Pagination

Registered by Roland Hochmuth

Add support for pagination to all requests that return arrays.

Blueprint information

Status:
Complete
Approver:
Roland Hochmuth
Priority:
Essential
Drafter:
Roland Hochmuth
Direction:
Needs approval
Assignee:
Deklan Dieterly
Definition:
Drafting
Series goal:
None
Implementation:
Implemented
Milestone target:
None
Started by
Roland Hochmuth
Completed by
Deklan Dieterly

Related branches

Sprints

Whiteboard

For measurements this can be addressed by adding query parameters for limit and marker similar to what has already been done in Ceilometer. The limit parameters specifies the maximum number of elements that would be returned in an array. The marker parameter specifies the sequence ID to start to return values from, corresponding to the sequence ID of a measurement.

Problem Statements:
1. Current metrics, measurements and statistics queries can result in memory over-flow.
2. Metrics query returns an array of metrics objects with a name and dimensions per object. This could overflow because there are too many metrics returned.
3. Measurements query returns an array of metrics objects with a name, dimensions and array of measurements. There are two parameters that could overflow:
    1. The number of metrics returned.
    2. The number of measurements returned per metric.
4. Statistics query returns an array of metrics objects with a name, dimensions and array of statistics. There are two parameters that could overflow:
    1 The number of metrics returned.
    2.The number of statistics returned per metric.

Goals:
1. Add support for pagination
2. Don't require server side state management.
3. Keep it Simple Sally (KISS)

Proposals & Analysis:
1. Metrics query:
Add a metric marker_name, marker_dimensions and limit that would be used to specify the (offset - 1) in the list of metrics to start the query from. In other words the marker_name and marker_dimensions is used to specify the last metric in the previous page. The combination of a marker_name and marker_dimensions must uniquely specify a metric to start from. If the last query over-flowed, you would use the last metric name and dimensions in the response as the marker_name and marker_dimensions in the next query. Limit is used to specify the number of metrics returned.
Pros:
Current API doesn't change. Only query parameters are added.
Cons:
InfluxDB doesn't have a way of specifying that the series name is > than some value.
Maybe we can get InfluxDB to add this capability or we could address ourselves?

2. Measurements options:
2.1 Return only a single metric.
The Monasca API would be modified to return the measurements for only a single metric. The query would need to uniquely specify the metric name and dimensions for a metric.
A marker and limit would be added as query parameters to specify the (offset - 1) in the list of measurements to start the query from and the number to return.
Pros:
Simplicity.
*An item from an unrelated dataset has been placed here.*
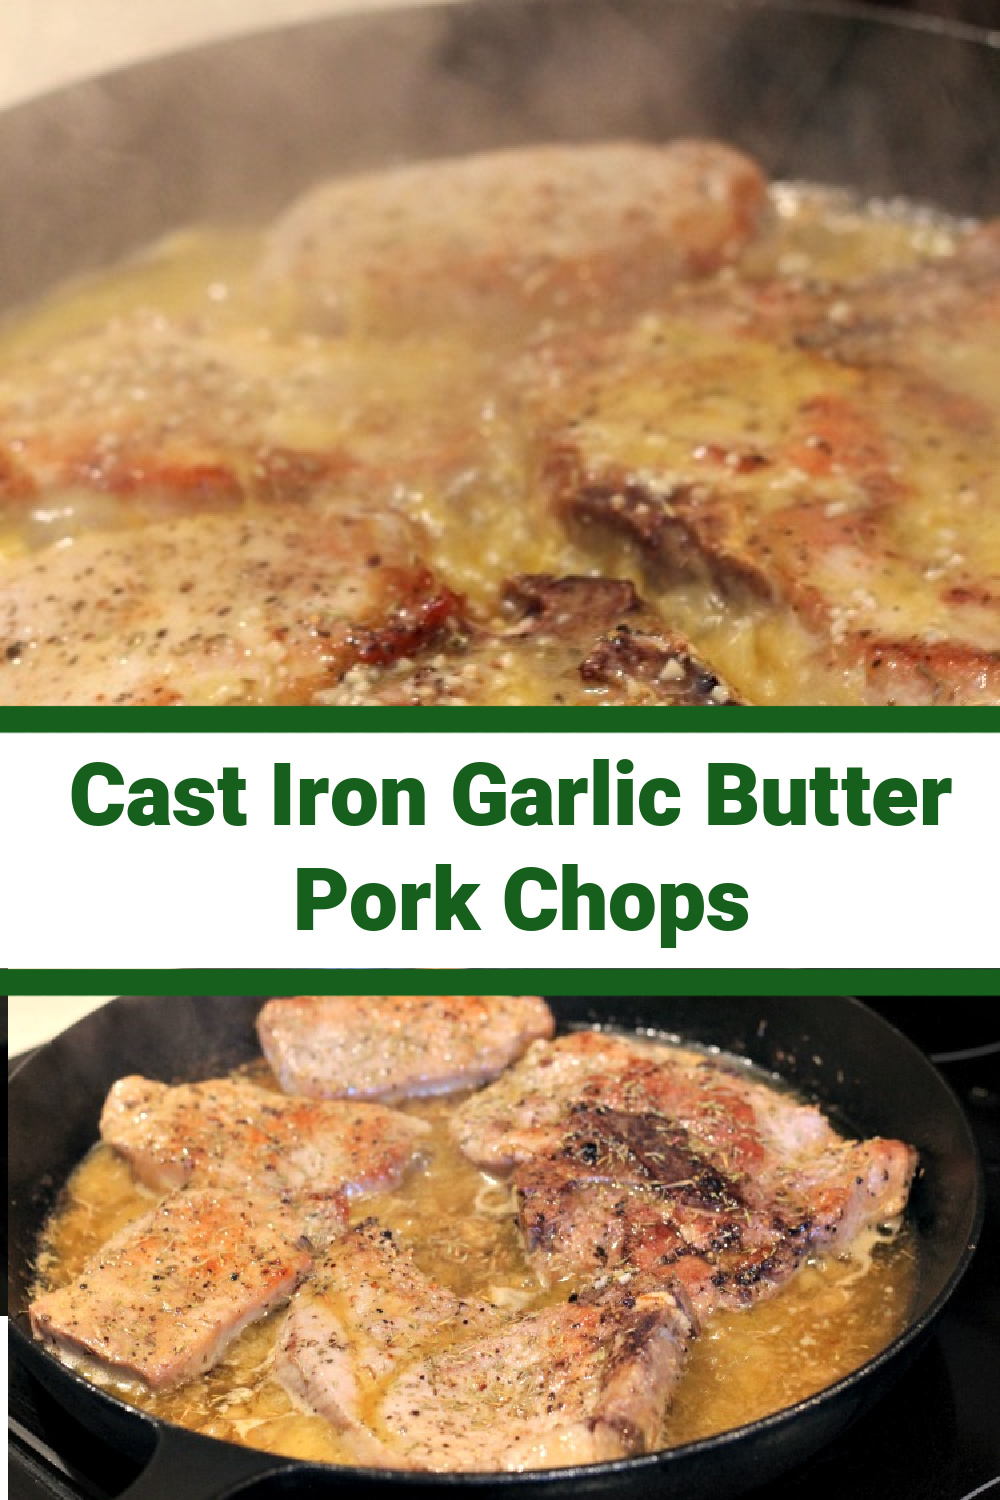 Garlic Butter Cast Iron Pork Chops Recipe is the perfect easy weeknight dinner with a cast-iron skillet! Makes perfect Juicy and flavorful pork chops! Start your pork chops out on the stove and then move them in the oven to slow cook in the flavor of the butter, garlic, and theme into the pork chop! This pairs amazing with oven-roasted potatoes or other vegetables!

Only a single marker and limit would be needed
Cons:
Must query for each metric independently.
This might be acceptable for a UI, but could impact integrating in with analytics, third-party applications or archival. For example, if you would like to do analytics on all the cpu.user_perc metrics you need to get each one individually.
2.2 Return measurements for multiple metrics:
This is what the Monasca API currently supports
Add metric marker_name, marker_dimensions, metric_limit, measurement_marker, marker_limit.
The marker_name, marker_dimensions and metric_limit are similar to the metrics query.
The measurement marker specifies the (offset-1) to start from for measurements and the measurements_limit specifies the max number of measurements to return.
Pros:
Can return multiple series in a single query.
Matches the metrics query
Cons:
Doesn't appear that InfluxDB can limit the number of series that are returned. There is no way to say give me all the series starting at such and such a name. The series are ordered alphabetically. This implies that the limiting would have to be done in client code right now. If a client needed to to do repeated queries over and over for pagination purposes, this would hit the InfluxDB server hard, as it would have to return everything and the Monasca API would have to filter down.
Difficult to determine the parameter over-flowing on. Is is the number of metrics or the number of measurements?
It isn't exact. In between the first query and subsequent queries the state could change.

3. Statistics:
3.1 Return statistics for a single metric
Modify the Monasca API to return statistics for only a single metric.
Use start_time, end_time and period to do pagination. The client need to compute the start_time, end_time and period appropriately to avoid any limits.
3.2 Return statistics for multiple metrics.
Add metric marker_name, marker_dimensions and metric_limit for paginating metrics.
start_time, end_time and period are used to do pagination for statistics.
Pros
Similar to measurements.
Cons
Similar to measurements.

> Question: Regarding backwards compatibility If no limit is specified on the request, is pagination disabled?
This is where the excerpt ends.